The sound design? Oh, you mean the wall of muffled city noise, interrupted by occasional crying, screaming, and Lucky muttering about diapers? Yes, it’s “authentic,” but so is food poisoning. And about as fun.
The story meanders like a drunk tourist trying to find a halal cart. We follow Lucky as he schleps the kid around the city, tries to keep his fake-bag hustle afloat, and awkwardly attempts to grow a soul. There are some plot threads—his friend Levon, who also works in the knockoff game, gets caught up in his own nonsense—but they’re so thin you could floss with them. Nothing builds. Nothing pays off. It’s just a loop of stress, bad decisions, and Lucky staring at this baby like it’s a parking ticket that won’t go away.
Now, Lucky as a character is supposed to be morally complicated—gritty, real, flawed but lovable. But instead, he comes off like a man who can’t figure out how microwaves work. His parenting strategy swings between “ignore the child entirely” and “yell at the nearest adult.” When he finally tries to bond with the kid, it’s less “heartwarming” and more “man learns baby is not a grenade.”
And that baby? The best actor in the film. Seriously. Every time the kid cries, which is often, it’s the most believable moment on screen. You know why? Because we’re all crying inside, too. Watching this movie is like being stuck on the A train during rush hour with no air conditioning and a man in the corner shouting about fake Gucci. It’s immersive. But do you want it? Do you need it? Not unless your therapist says it counts as exposure therapy.
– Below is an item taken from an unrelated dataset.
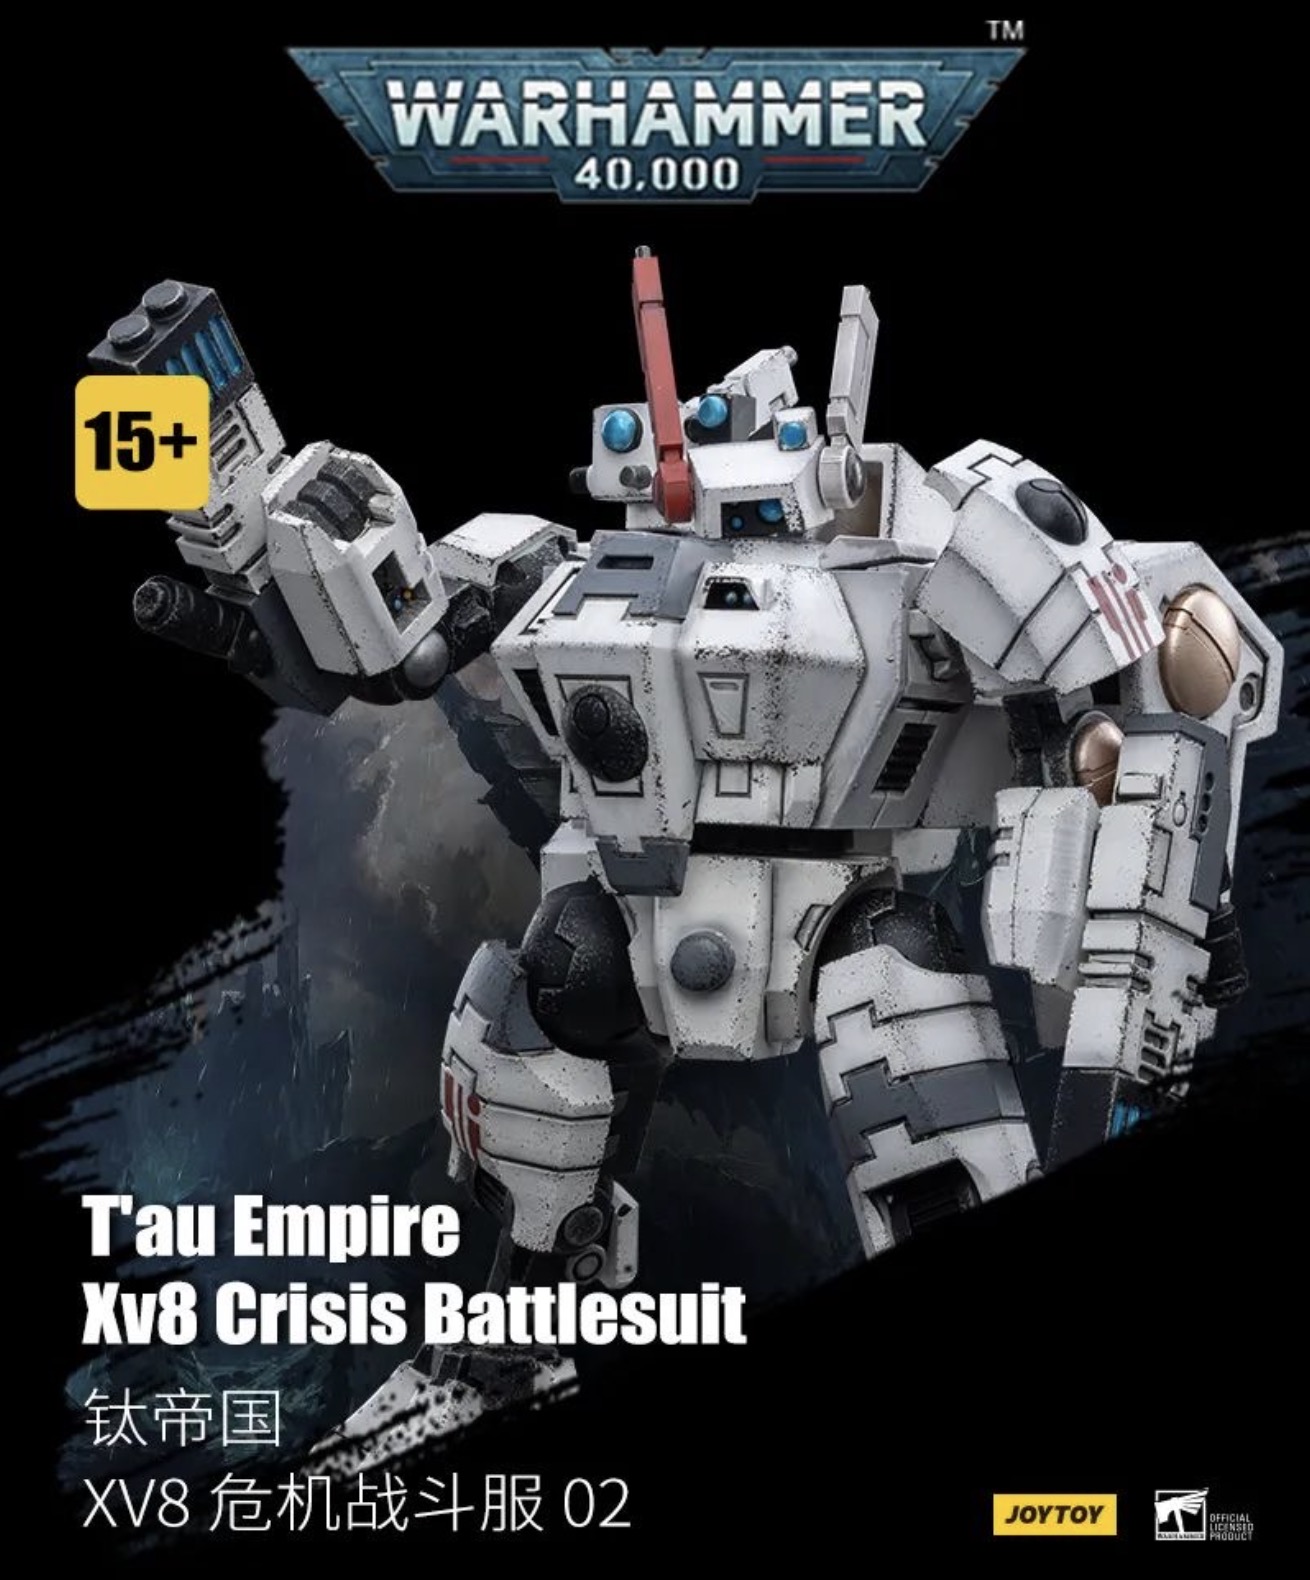 JoyToy 1/18 Warhammer 40K - T'au Empire Xv8 Crisis Battlesuit 02

The dialogue feels like it was improvised by people who had just been told what a movie was ten minutes before filming. You can practically hear the director behind the camera whispering, “Just talk. Be natural.” The result is scenes that feel like conversations you accidentally overhear while waiting in line at CVS: mildly interesting for 30 seconds, then excruciating.
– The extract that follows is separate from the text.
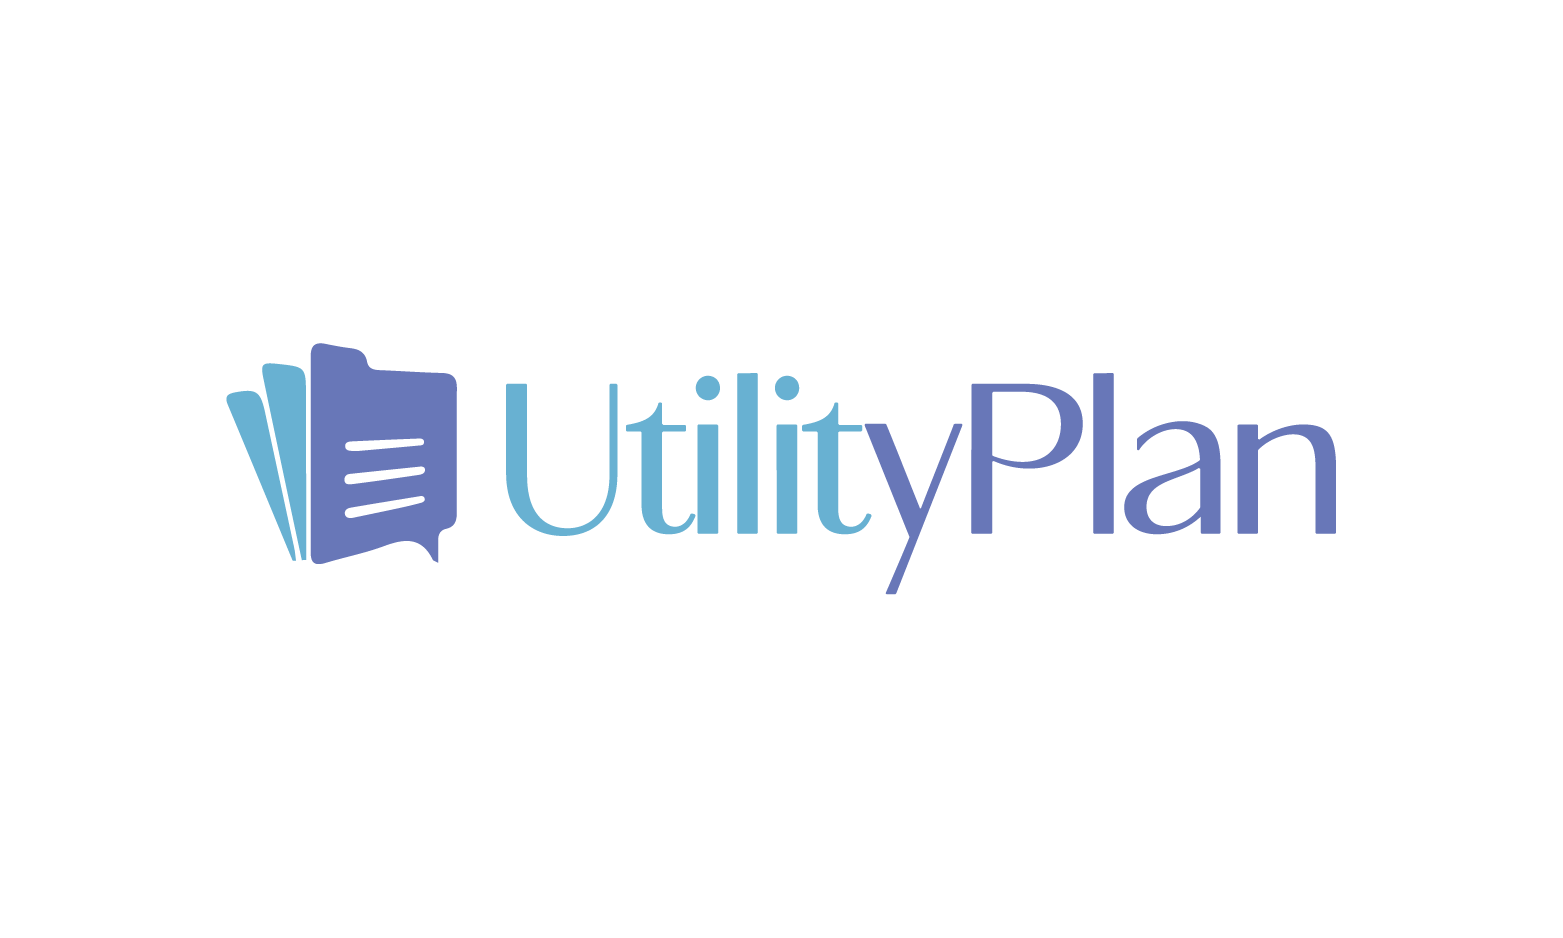 UtilityPlan.com - Creative brandable domain for sale

By the time we get to the film’s limp conclusion—spoiler: Lucky maybe starts to slightly care about his kid—you’re left wondering what the hell the point of any of it was. It’s like Baker had a powerful idea (“What if a street hustler had to become a dad?”) and then decided not to write a second draft. Or a first.
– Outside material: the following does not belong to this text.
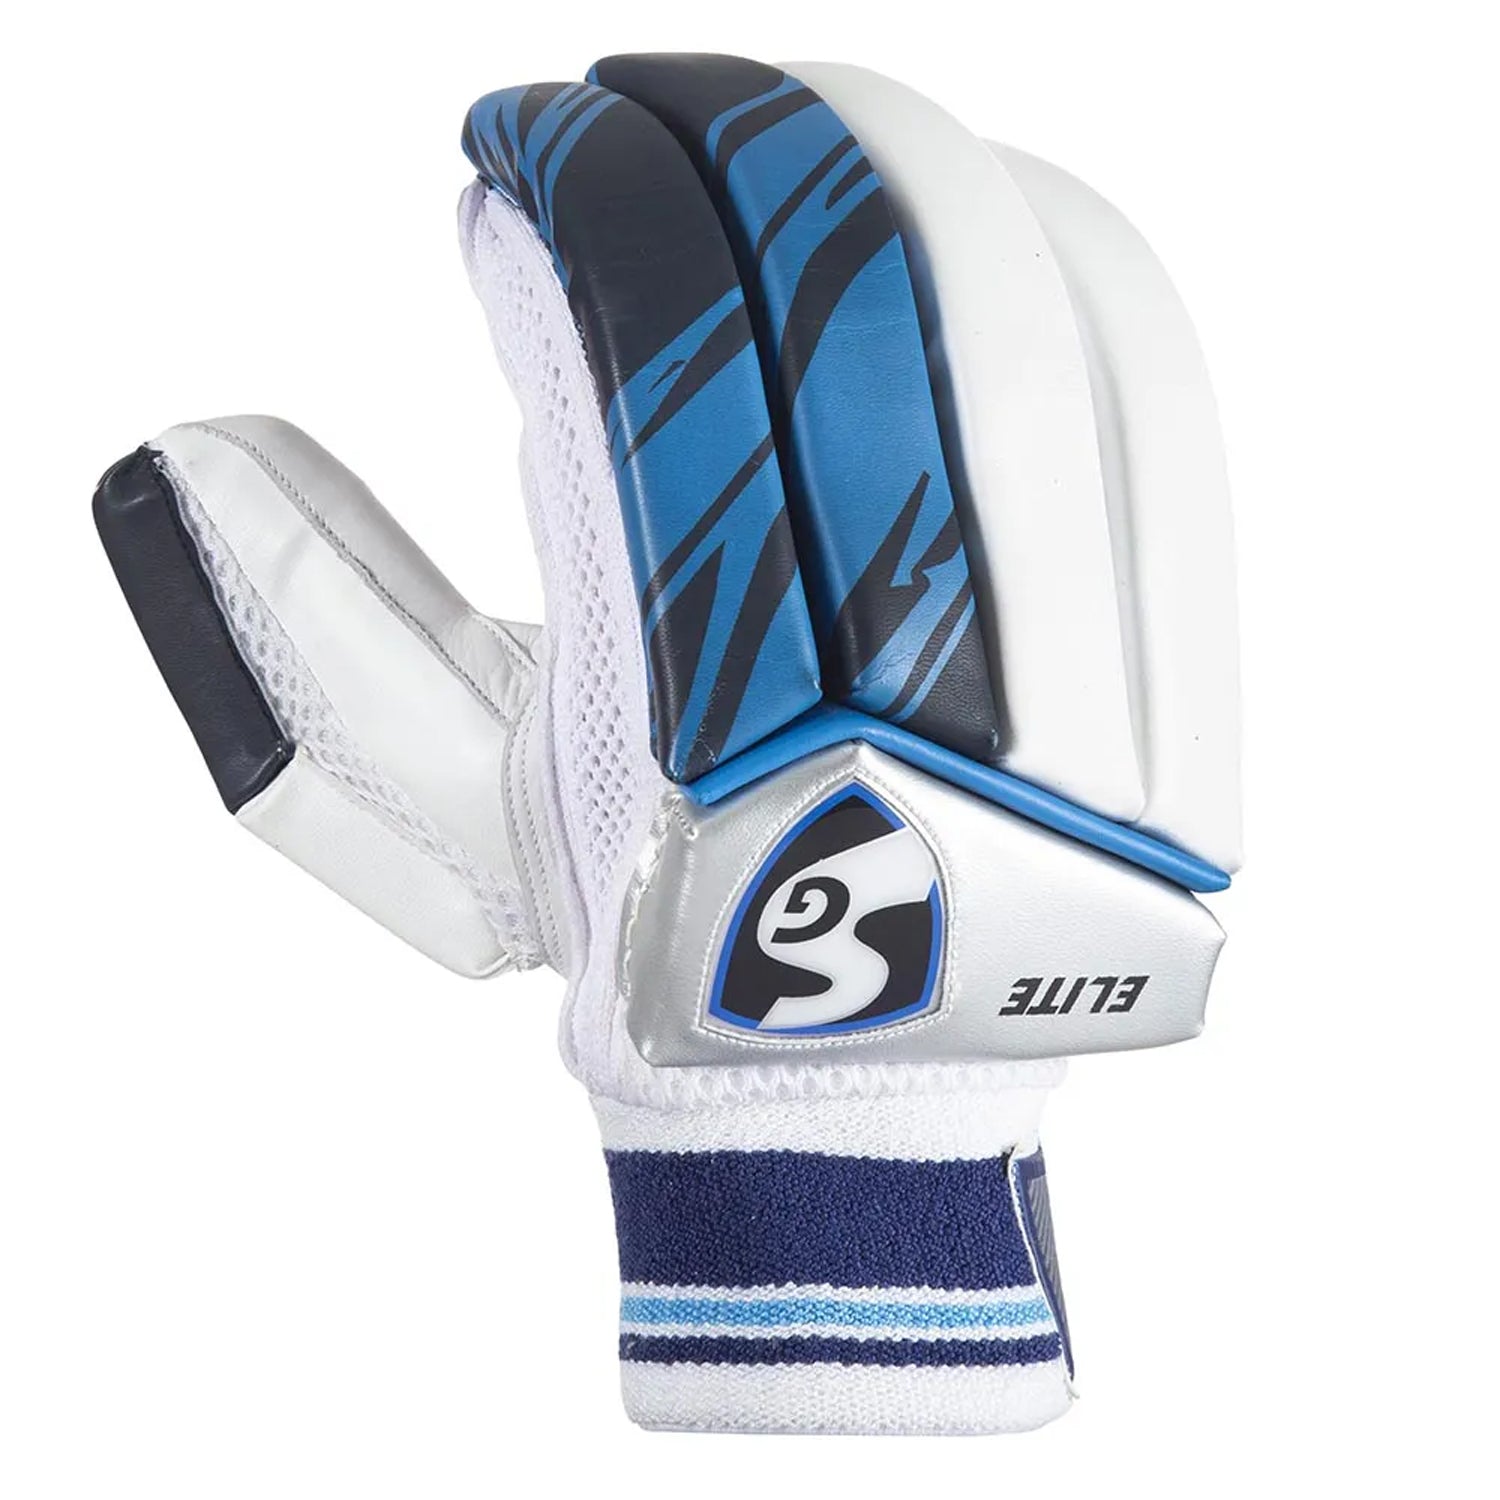 SG Elite Batting Gloves - Left Hand - Best Price online Prokicksports.com

And don’t come at me with “But it’s a slice of life!” I’ve seen slices of life. This one’s mostly gristle. It’s undercooked and overindulgent, a film that mistakes monotony for meaning. Yes, life is chaotic, messy, and often unresolved. But that doesn’t mean your movie has to be, too. There’s realism, and then there’s just filming people walk around yelling and calling it art.
Final Verdict?
Prince of Broadway is a case study in indie cinema’s most annoying habits: handheld cameras that induce nausea, plots that refuse to start, characters who confuse “flawed” with “insufferable,” and the kind of raw “realism” that makes you miss the clean, sanitized lies of Hollywood. If you’re looking for a nuanced portrait of immigration, fatherhood, and hustle in New York City—keep looking. This ain’t it. Watch it if you’re a die-hard Sean Baker completist or if you’ve recently lost a bet. Everyone else? Buy a fake Louis Vuitton bag and stare at it for two hours. You’ll get more out of it.